The bigots are never the problem. The zealots aren’t, either.

After Jason Collins announced, in the May 6 issue of Sports Illustrated, that “I’m a 34-year-old NBA center. I’m black. And I’m gay,” ESPN’s Chris Broussard replied with religious condemnation. “I don’t agree with homosexuality,” Broussard said. “I think it’s a sin, as I think all sex outside of marriage between a man and a woman is.”

Broussard’s indignation might once have been well worth worrying about—and, to the extent that young people of faith might still be swayed by such bigoted bravado, it still is. But even religion has, with time, become less of a safe harbour for homophobia. It’s now possible to write off reactions like Broussard’s as just plain loony, a somewhat more presentable variety of the odium that we expect from the “God Hates Fags” crowd. As it gets lonelier out there on the margins of the religious mainstream, we can finally consign such misplaced fervour to the dank basement of the marketplace of ideas.

But, in the brave new world of out gay athletes, fire and brimstone are less dangerous than simple stupidity. I’m thinking, in particular, of the old, ignorant assertion that gays in the locker room would be—and now are—a “distraction” to their teammates.

So said David Pratt, a radio host and sports commentator on Vancouver’s CKNW, on Tuesday morning. Discussing Jason Collins, Pratt trotted out that asinine old canard: a gay player is a “distraction,” and, as a consequence, a detriment to his team. Follow Pratt’s logic and you arrive at an inescapable conclusion: having a gay player on your roster makes you more likely to lose.

Sorry, quick correction: gay players aren’t the problem, openly gay players are. The issue isn’t identity, but honesty. You see, it’s not that Pratt and his ilk don’t like gay people—no doubt some of his best friends are gay—but why do they have to be so in-your-face about it all the time? Jason Collins gets paid to play basketball. Why should his teammates have to hear about his personal life? The bedroom has no place in the locker rooms of the nation. Don’t ask, don’t tell.
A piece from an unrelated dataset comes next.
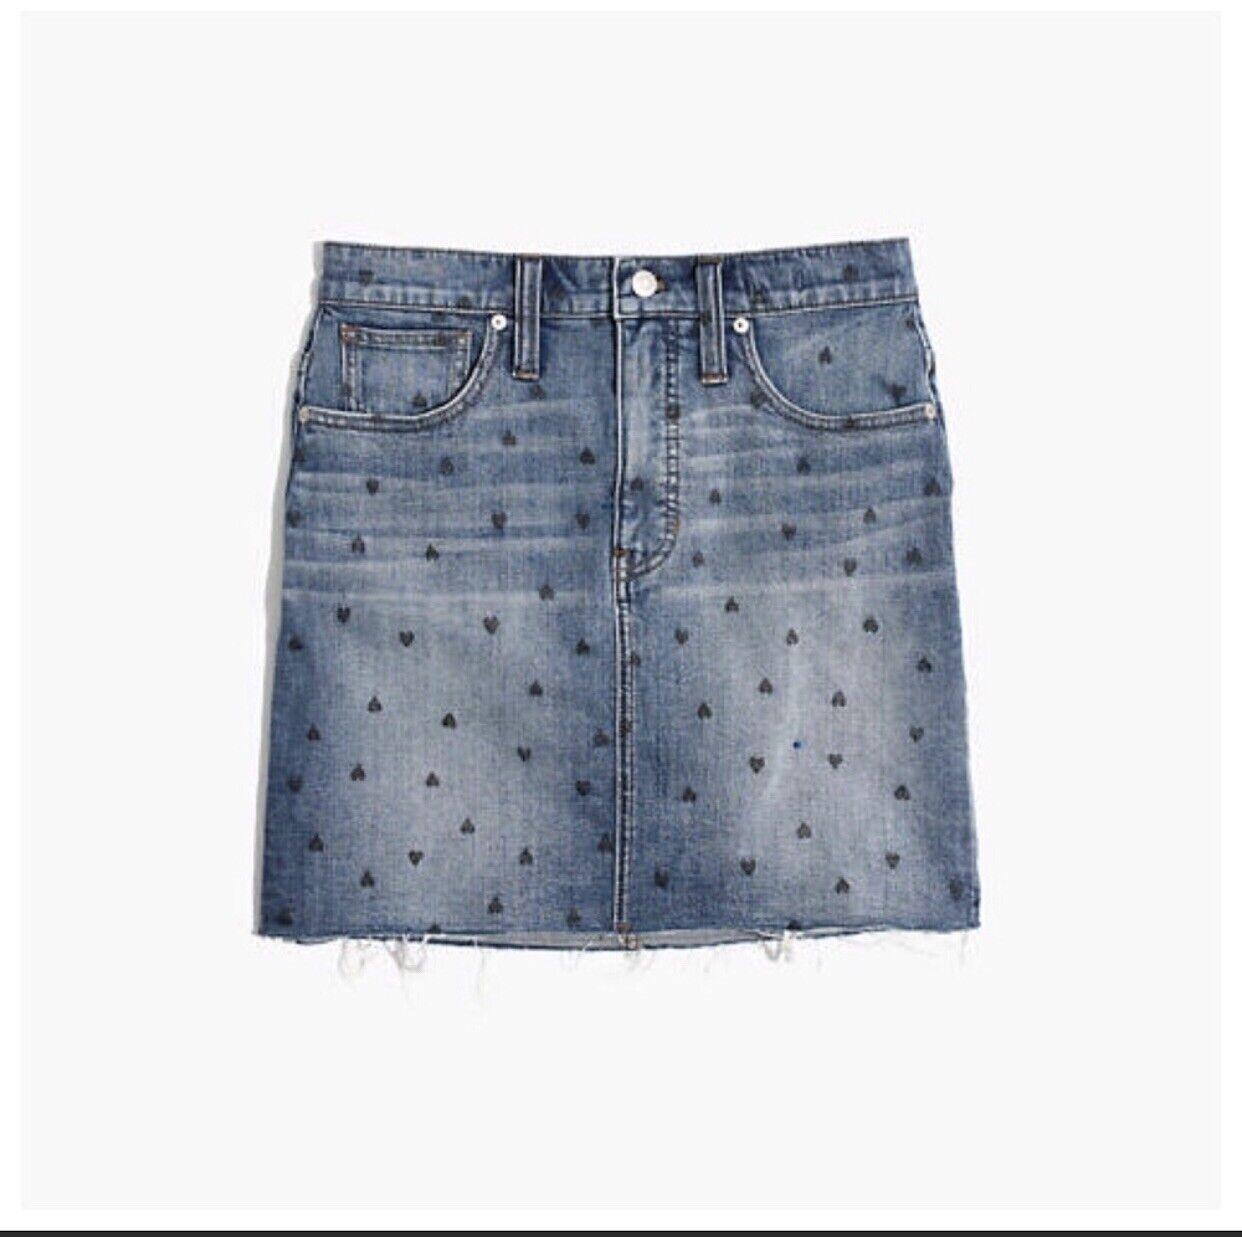 NWT Madewell Stretch Denim Straight Mini Skirt Heart Print Edition Sz 29

I used to listen to the morning sports highlights on CKNW in the car on my way to school. I was still deep in the closet then, a scared-witless gay kid at a jock-y all-boys school. Listening to David Pratt on Tuesday morning, I was back in that car, my rugby gear in my gym bag, being told that I was a weakness, a liability—a distraction.

This week, I was outraged. Ten years ago, I wouldn’t have been; I would have been too busy being ashamed. Rest assured, every young gay athlete listening to CKNW on Tuesday felt the same way.

Coming out is one of the toughest things that any gay person will ever have to do. There will always be a million reasons not to—not now, not yet. The last thing a gay athlete needs is another reason to wait.

This isn’t to say that gay athletes who come out won’t attract attention, as David Pratt and others suggest. Jason Collins was a hot topic at water coolers and in locker rooms everywhere this week. For a few hours, he was certainly the most tweeted-about professional athlete in North America. “Maximum respect” from Steve Nash. “Don’t suffocate who u r because of the ignorance of others,” Kobe Bryant wrote. Even Bill Clinton joined in: “I’m proud to call Jason Collins a friend.”

We can look forward to the same sort of buzz for the next few gay professional athletes who follow in Collins’ footsteps. But don’t forget that word: professional. These guys are the best in the world at what they do. They get paid to do it. If a gay teammate would render them incapable of doing their job, then they would—or should—soon be out of work. Because, as locker-room diversions go, this one’s laughable; if another guy’s sexual orientation is a distraction, just wait until you see what they’re saying about you on the sports page.

What grates the most about the suggestion that gay athletes are a distraction is not the humiliating message that it sends to young people, or the insulting assertion that professional athletes won’t be able to focus on their jobs in the presence of locker-room diversity, or even the fearful, half-joking assumption, which all of us have heard, that the gay guy in the showers is constantly sizing up his teammates a little too literally. (Don’t flatter yourselves, boys.)

No, what stings the most is the idea that—for gay athletes, at least—coming out is a choice in which others should have some say. It isn’t. It never should be.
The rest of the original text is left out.